As Erik explained to us, Lloydminster claims the unusual geographical distinction of straddling two Canadian provinces. About 70% of it is in Alberta, and 30% is in Saskatchewan, but it is considered one city, with a single shared administration. It was founded in 1903 by the Barr Colonists from Britain who dreamed of having a sober, all-British settlement. At the time, the land was still part of the North-West Territories, and the community straddled the Fourth Meridian of the Dominion Land Survey. The Meridian was supposed to coincide with 110° west longitude, but due to the imperfect survey methods of the time, it was located a few hundred meters to the west.
Perhaps next spring we will have another chance to explore Lloydminster in more detail – which while unfortunately is not on the Trans Canada Trail route is now our point of departure to return to the TCT. This morning we are catching a bus, then a plane, then a train, and heading back east. We may still have a few surprises in store, but today effectively marks the end of our westward trek for 2021.

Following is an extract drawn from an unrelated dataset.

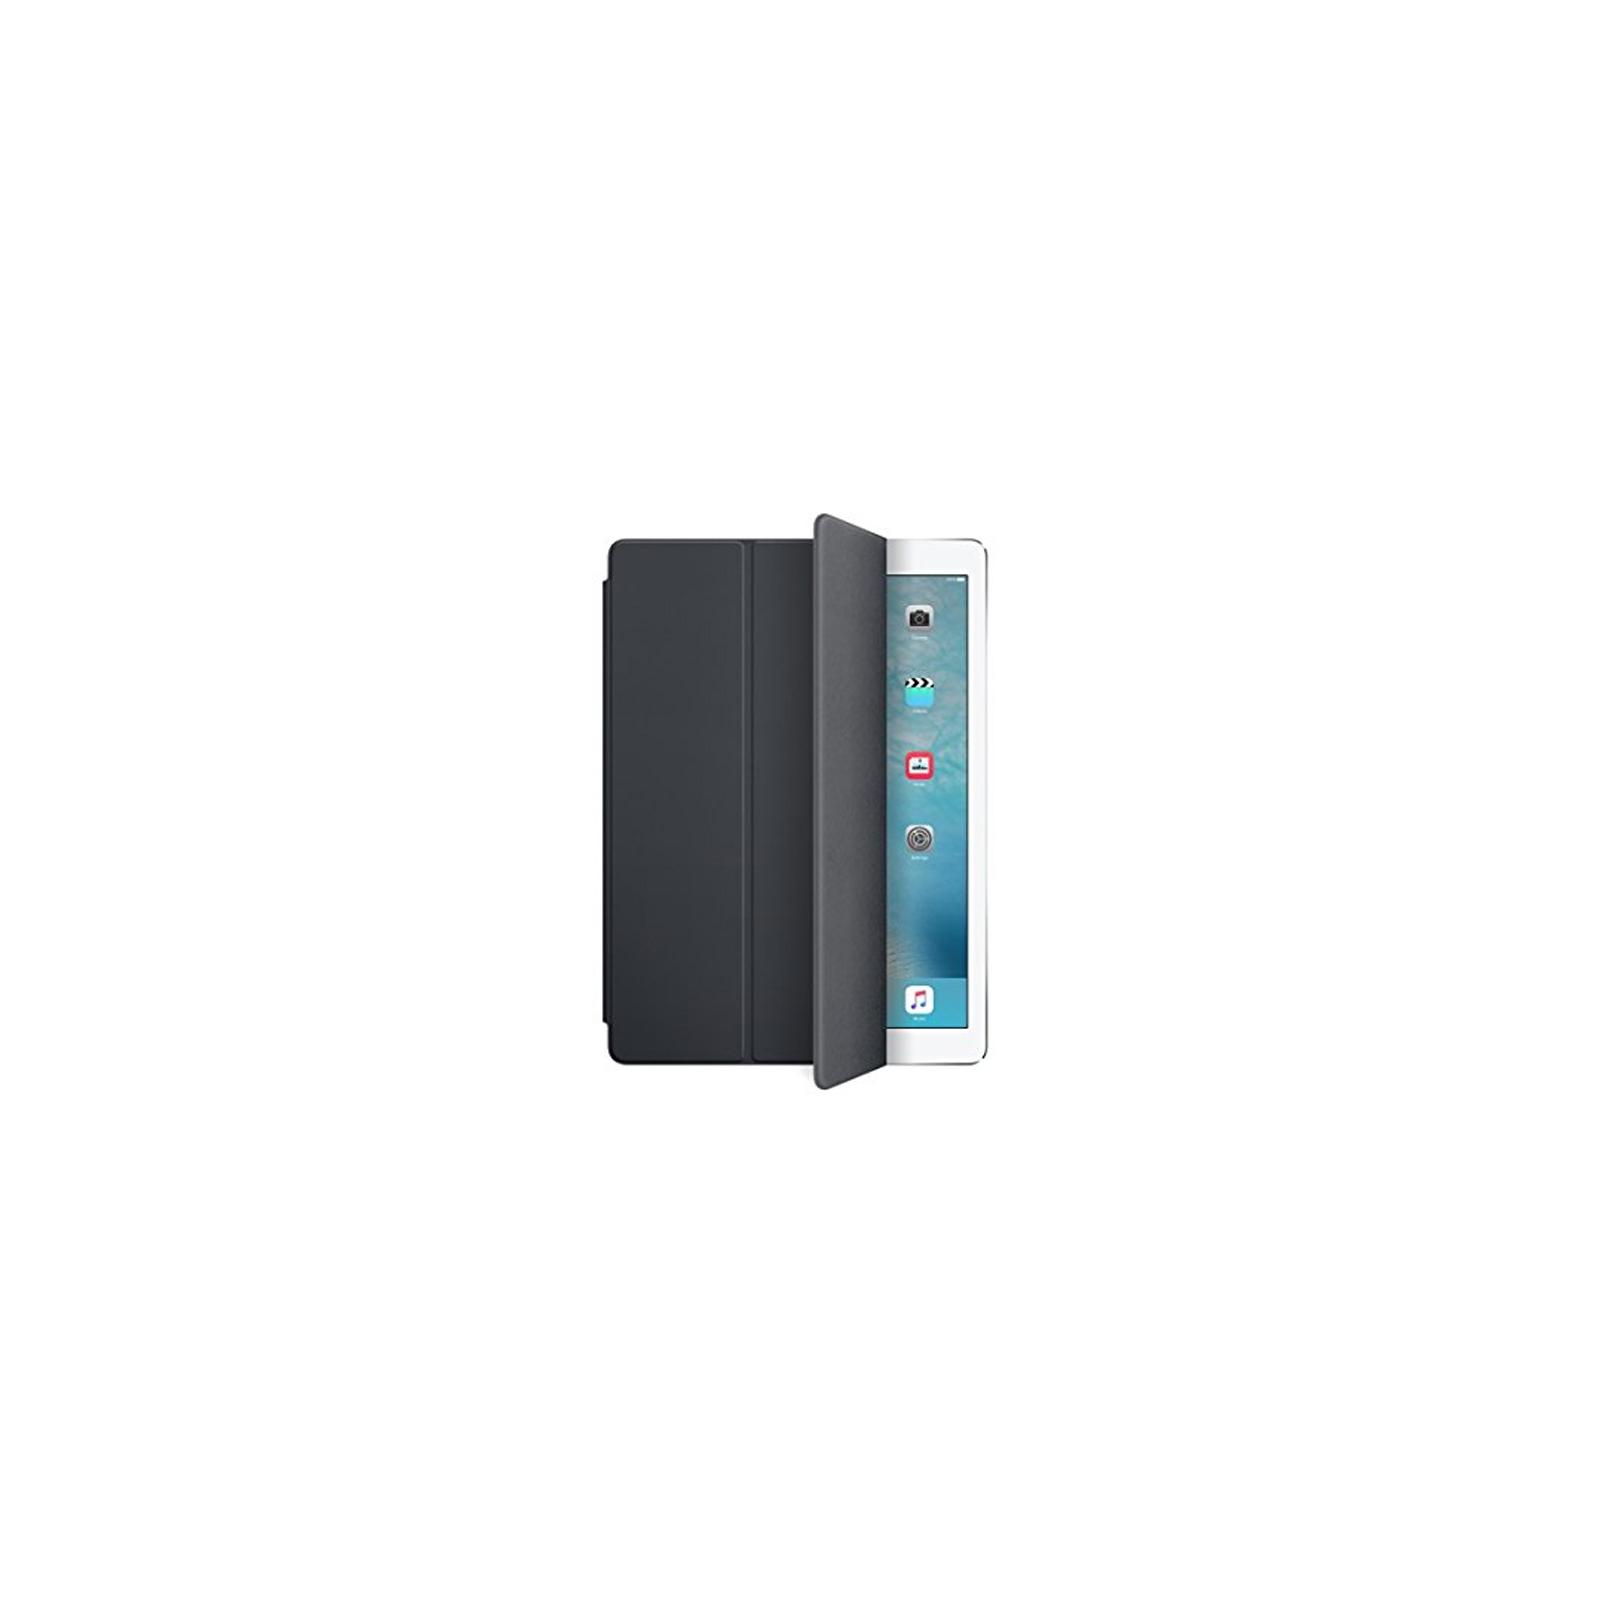 Чехол для планшета Apple Smart Cover для iPad Pro Charcoal Gray (MK0L2ZM/A) изображение 3

When we set out from Winnipeg Manitoba some 96 days and more than 2300 km ago we released a soundtrack of songs which we felt were relevant to the city, the Forks, and the waterways which have shaped the region. Perhaps our favourite song in that listing is Ted Longbottom’s ‘Ballad of Gordy Ross’ about Tripman voyaging in Yorkboats and their struggles as fur traders on the rivers for the Hudson’s Bay Company. Today, as we leave the trail and as the seasons turn once again on us, the lyrics of that song resonate deeply:
"...Oh the river flows
The free wind blows
The seasons pass away
And the wild geese fly in the autumn sky
But they'll be back some day..."
And so will we.
Thank you all for being part of our epic journey across the prairies in 2021 - we couldn't have done it without you and your support!